Autores principais:Viana, Ricardo Coelho
Assunto:Autonomia privada Casamento Divórcio Flexibilidade Private autonomy Marriage Divorce Flexibility
Ano:2025
País:Portugal
Tipo de documento:dissertação de mestrado
Tipo de acesso:acesso aberto
Instituição associada:Universidade do Minho
Idioma:português
Origem:RepositóriUM - Universidade do Minho
Descrição
Resumo:No seio familiar, a tensão entre autonomia individual e imperatividade constitui um panorama desafiador, num contexto legal frequentemente restritivo, em que a regulação jurídica permeia a esfera íntima da família. Em Portugal, observa-se uma certa resistência em determinados âmbitos, que se evidencia na relutância em adaptar-se plenamente às transformações sociais e na promoção efetiva da liberdade dos cônjuges.
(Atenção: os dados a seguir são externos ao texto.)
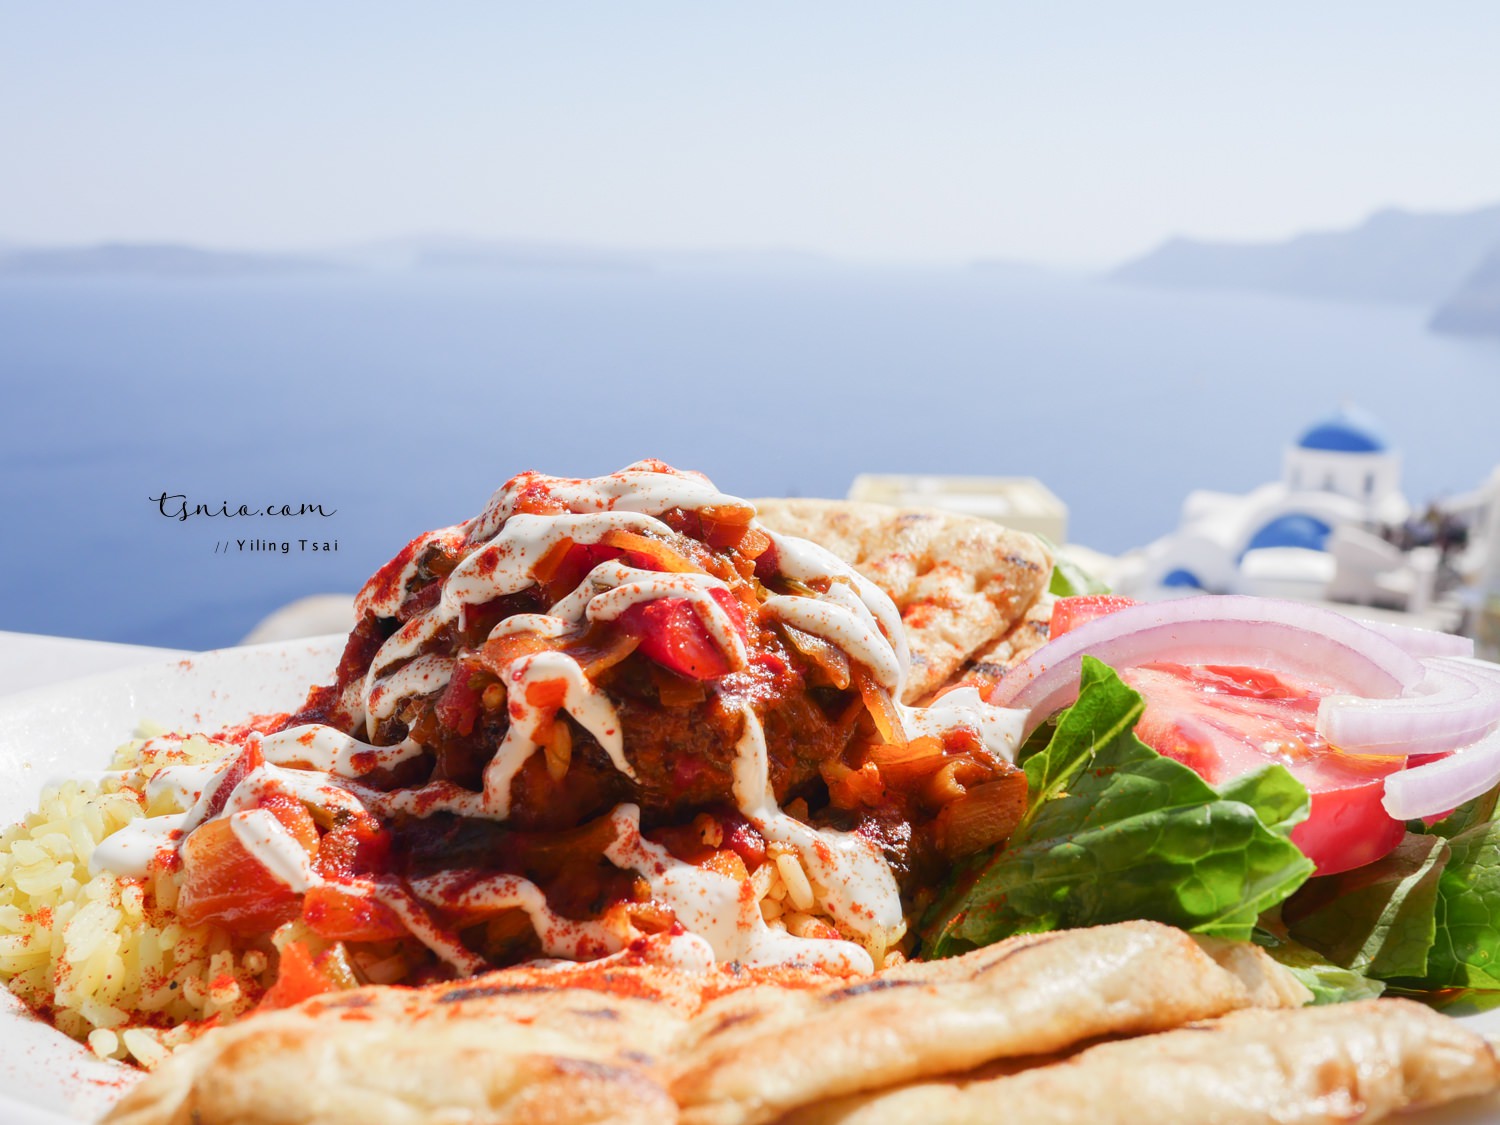 希臘聖托里尼伊亞美食推薦 Lotza Restaurant 超美愛情海景觀餐廳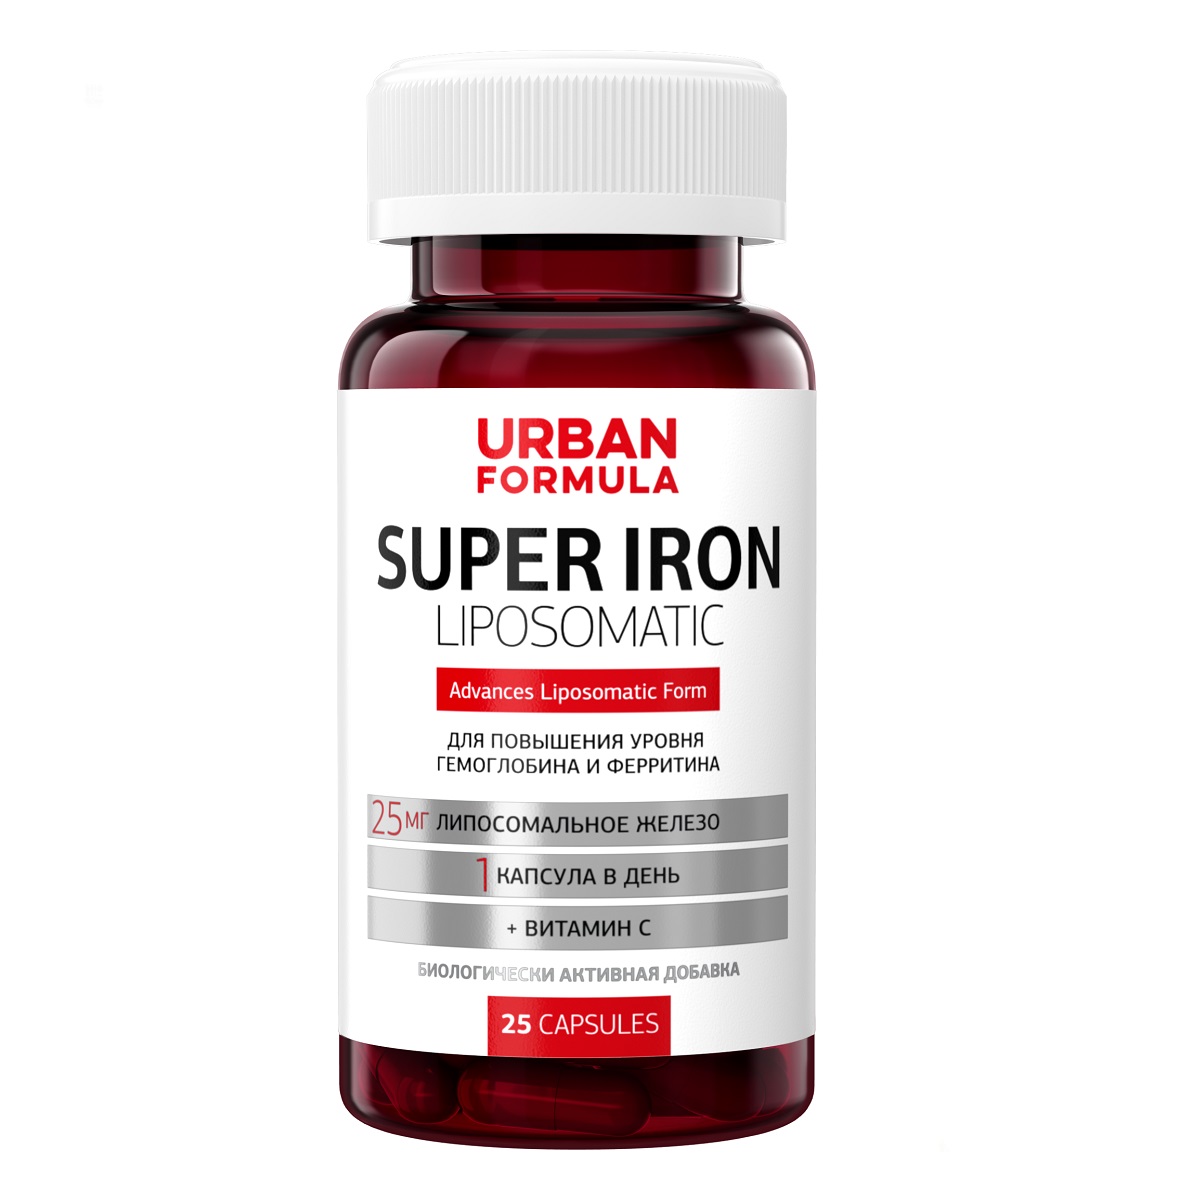 Urban Formula Комплекс Super Iron для повышения уровня гемоглобина и ферритина, 25 капсул (Urban Formula, Forte) urban formula super iron

Tal traduz-se no declínio percetível das uniões conjugais, refletido na diminuição dos casamentos tradicionais. Esta conjetura instiga uma investigação necessária. Assim, o desiderato deste trabalho passará por tecer uma proposta de "desregulação" do casamento, almejando um regime legal mais flexível. Para tal, partiremos da análise fundamental de três aspetos que julgamos serem merecedores de maiores mudanças. Inicialmente, iremos abordar os fundamentos para os impedimentos matrimoniais e averiguar se os mesmos ainda se justificam à luz do contexto contemporâneo. Em seguida, examinaremos criticamente a relevância da autonomia dos cônjuges na determinação e regulação dos efeitos da relação matrimonial, levantando a questão sobre a imposição de deveres conjugais. Por fim, refletiremos sobre a rigidez legislativa que orienta o divórcio, explorando a viabilidade de uma abordagem unilateral.